Counterpoints and Limitations
Proponents of MCP might argue that standardization enhances security and reliability. Without a controlled interface, LLMs freely interacting with APIs could introduce risks, such as executing malicious code or misinterpreting complex systems. In enterprise settings, MCP’s uniformity could simplify auditing and compliance, ensuring AI actions are traceable. Additionally, current LLMs are not fully autonomous—they struggle with long-term planning and edge cases, like ambiguous API documentation or rate limits. MCP might serve as a pragmatic stopgap, enabling LLMs to be useful today while their reasoning improves.

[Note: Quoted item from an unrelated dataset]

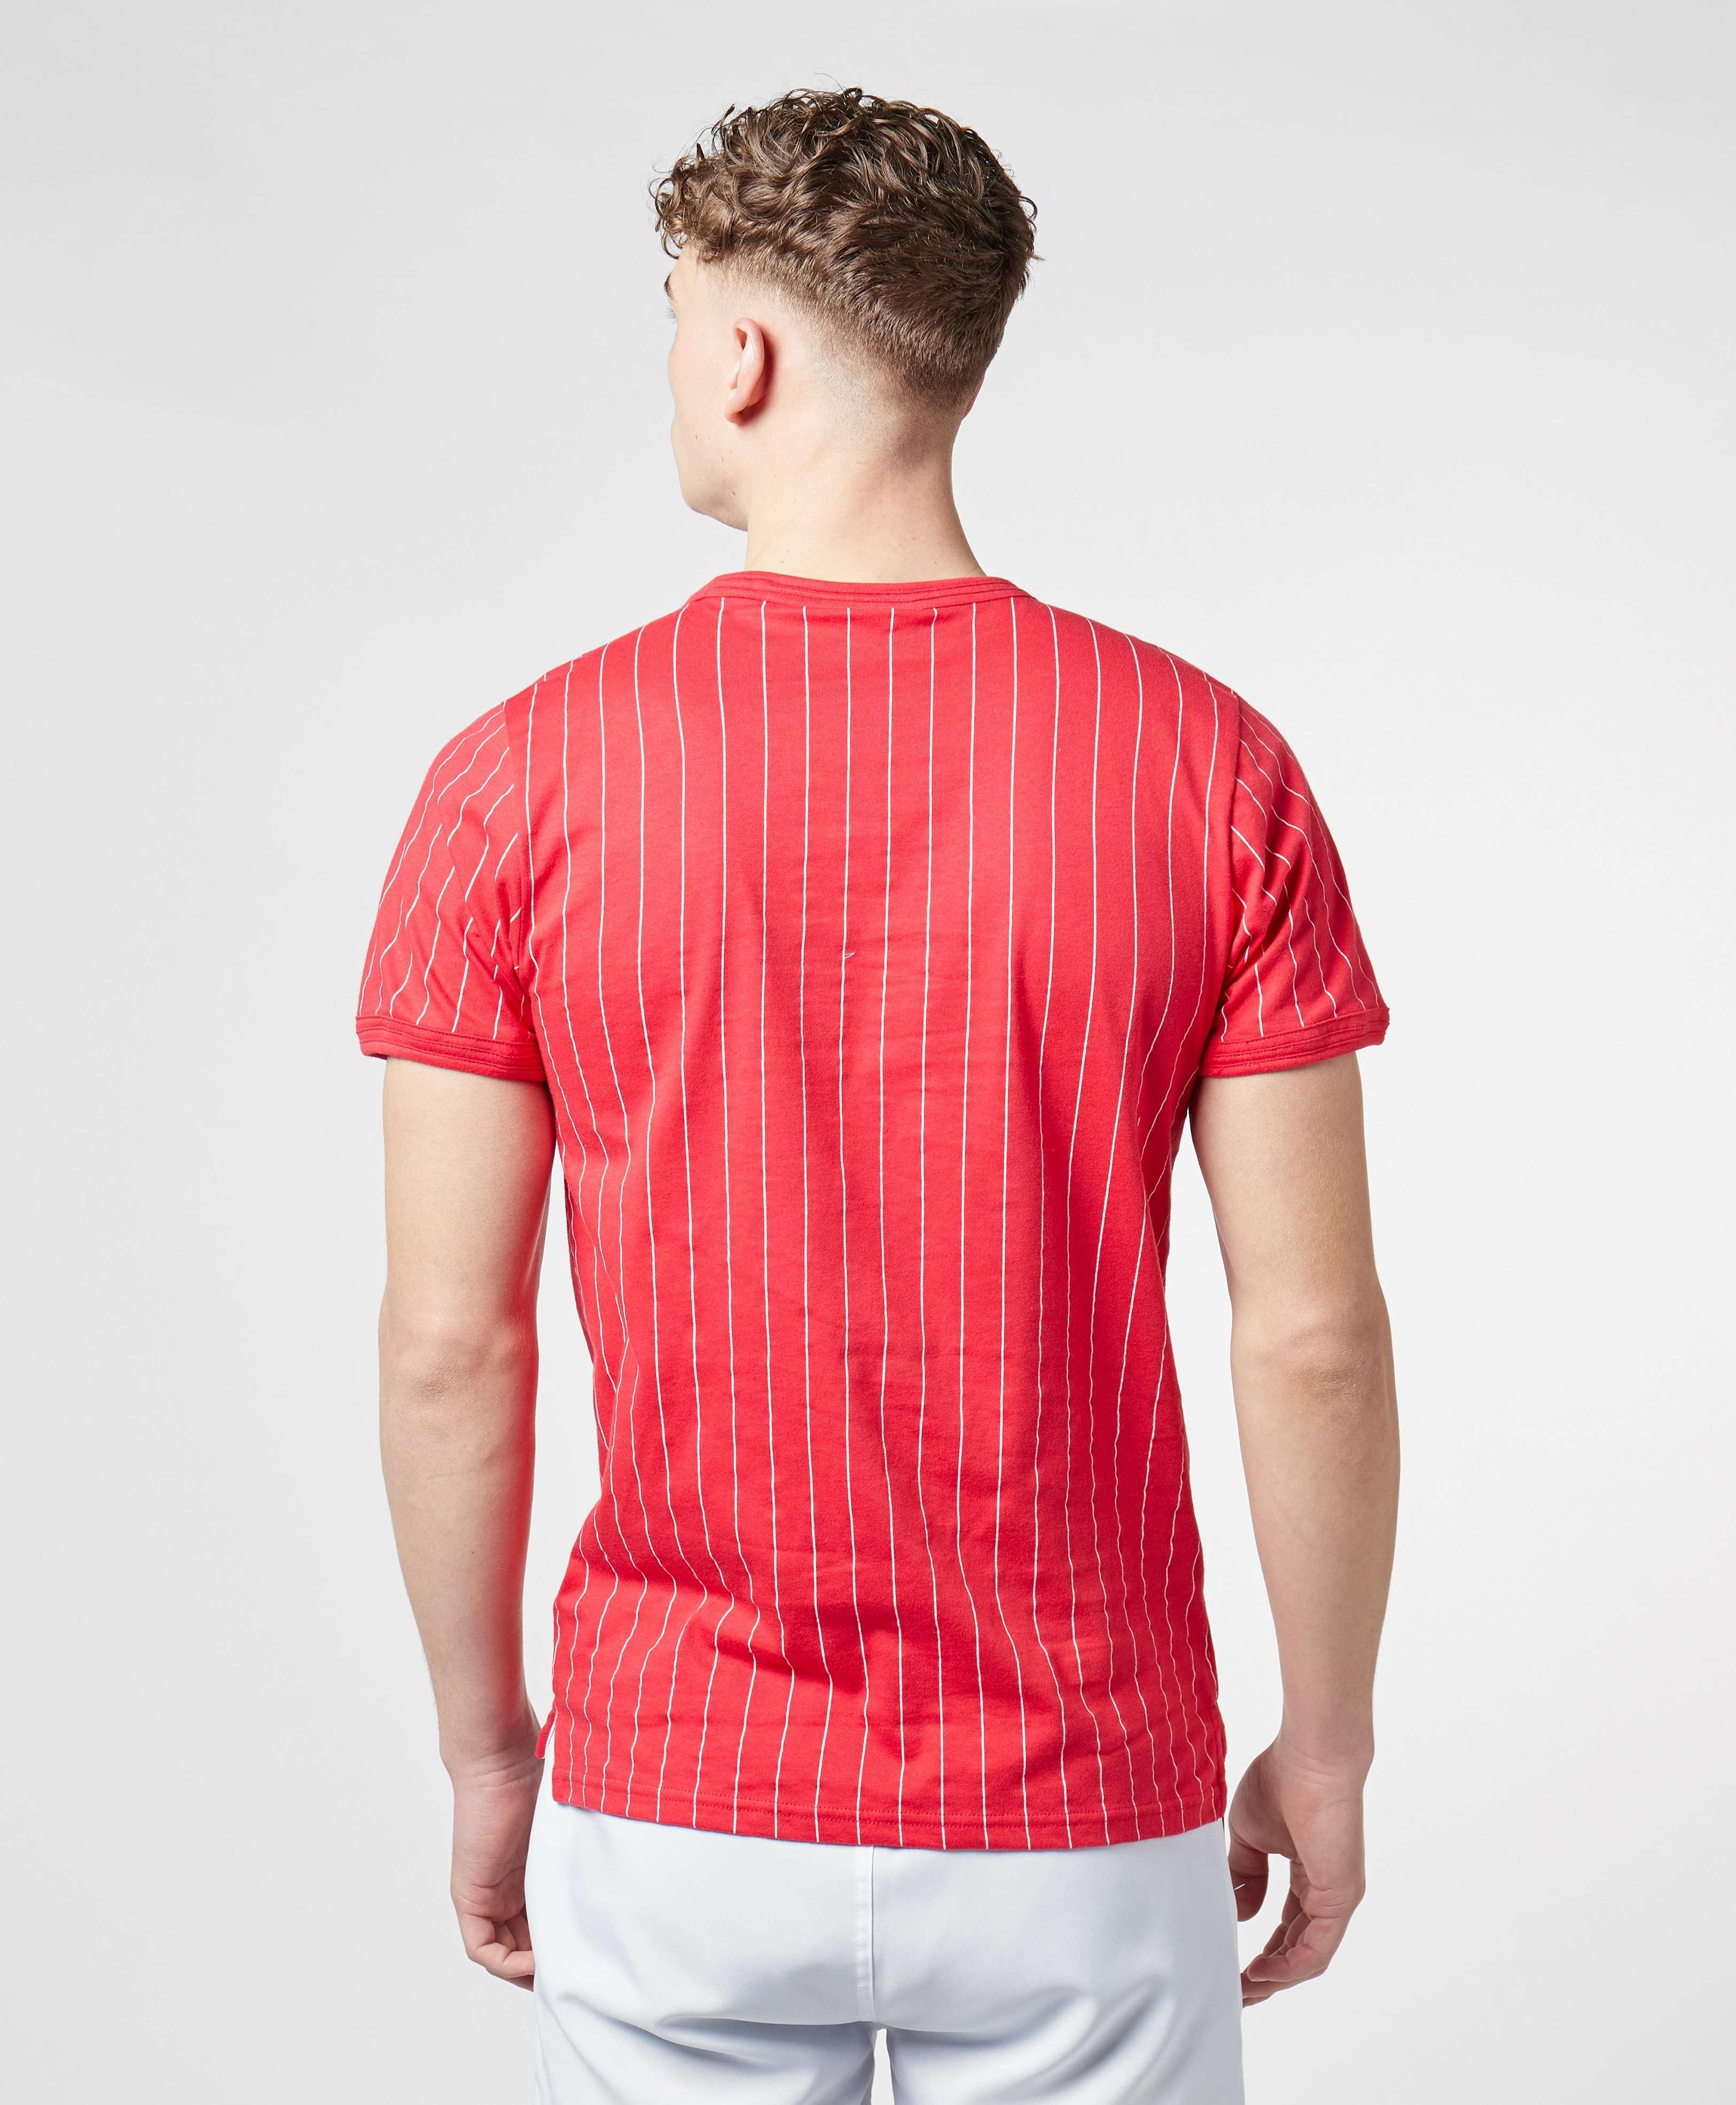 Fila Vertical Stripe Short Sleeve T-Shirt

These points have merit, but they don’t outweigh MCP’s flaws. Security concerns can be addressed through sandboxed environments or robust error-handling, not by simplifying the world for LLMs. The stopgap argument also falters when we consider the pace of AI advancement. As LLMs evolve toward deeper reasoning—potentially integrating reinforcement learning or persistent memory—MCP’s role will diminish. A protocol designed for today’s limitations risks obsolescence tomorrow, much like early autopilot systems that relied on lane markers gave way to vision-based AI.
The Path Forward
MCP is a transitional technology, a reflection of LLMs’ current adolescence. It excels in niche scenarios, like conversational tools for casual users, but falls short for the ambitious goal of general AI. The digital world is too complex to be abstracted into a single protocol, and LLMs are too capable to be confined by one. Instead, we should invest in LLMs that emulate human programmers: browsing the web, learning from documentation, and crafting solutions tailored to real-world systems. This approach not only maximizes LLMs’ potential but also aligns with the ethos of AI—to augment, not constrain, human ingenuity.

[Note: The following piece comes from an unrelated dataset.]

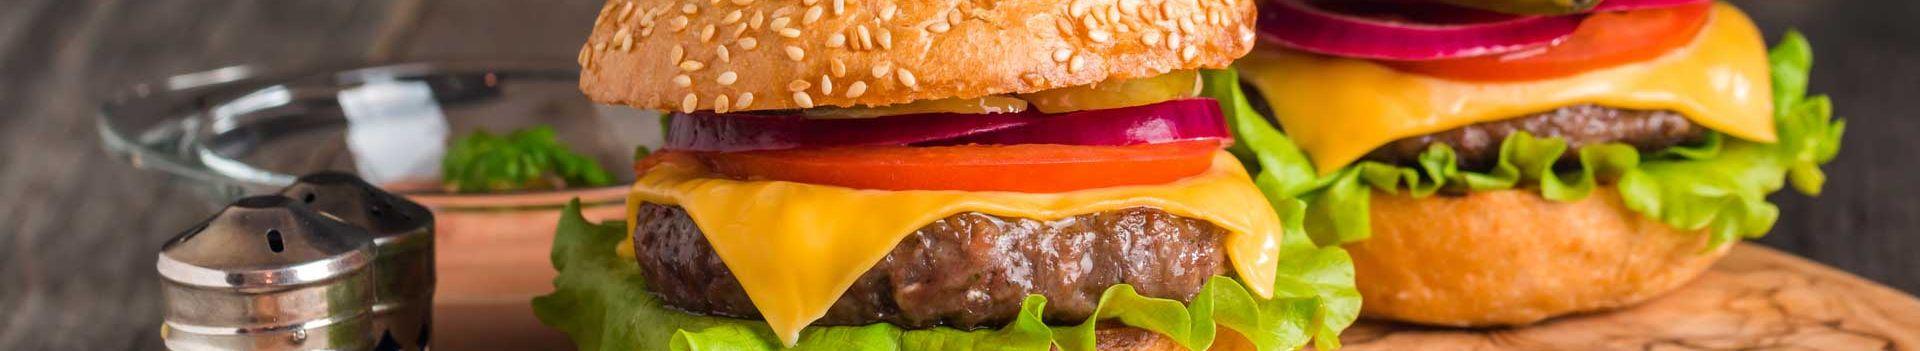 Burger Station Lieferservice in Wien

The self-driving car analogy reminds us that intelligence at the edge—whether in a vehicle or an LLM—scales better than reengineering the world. Just as roads remain unchanged while cars grow smarter, the digital ecosystem should stand as is, with LLMs adapting to its diversity. MCP may offer short-term convenience, but the future belongs to autonomous AI agents that navigate the world with the same dexterity as their human counterparts. By betting on LLMs’ adaptability, we can unlock their true potential, rendering protocols like MCP relics of a less ambitious era.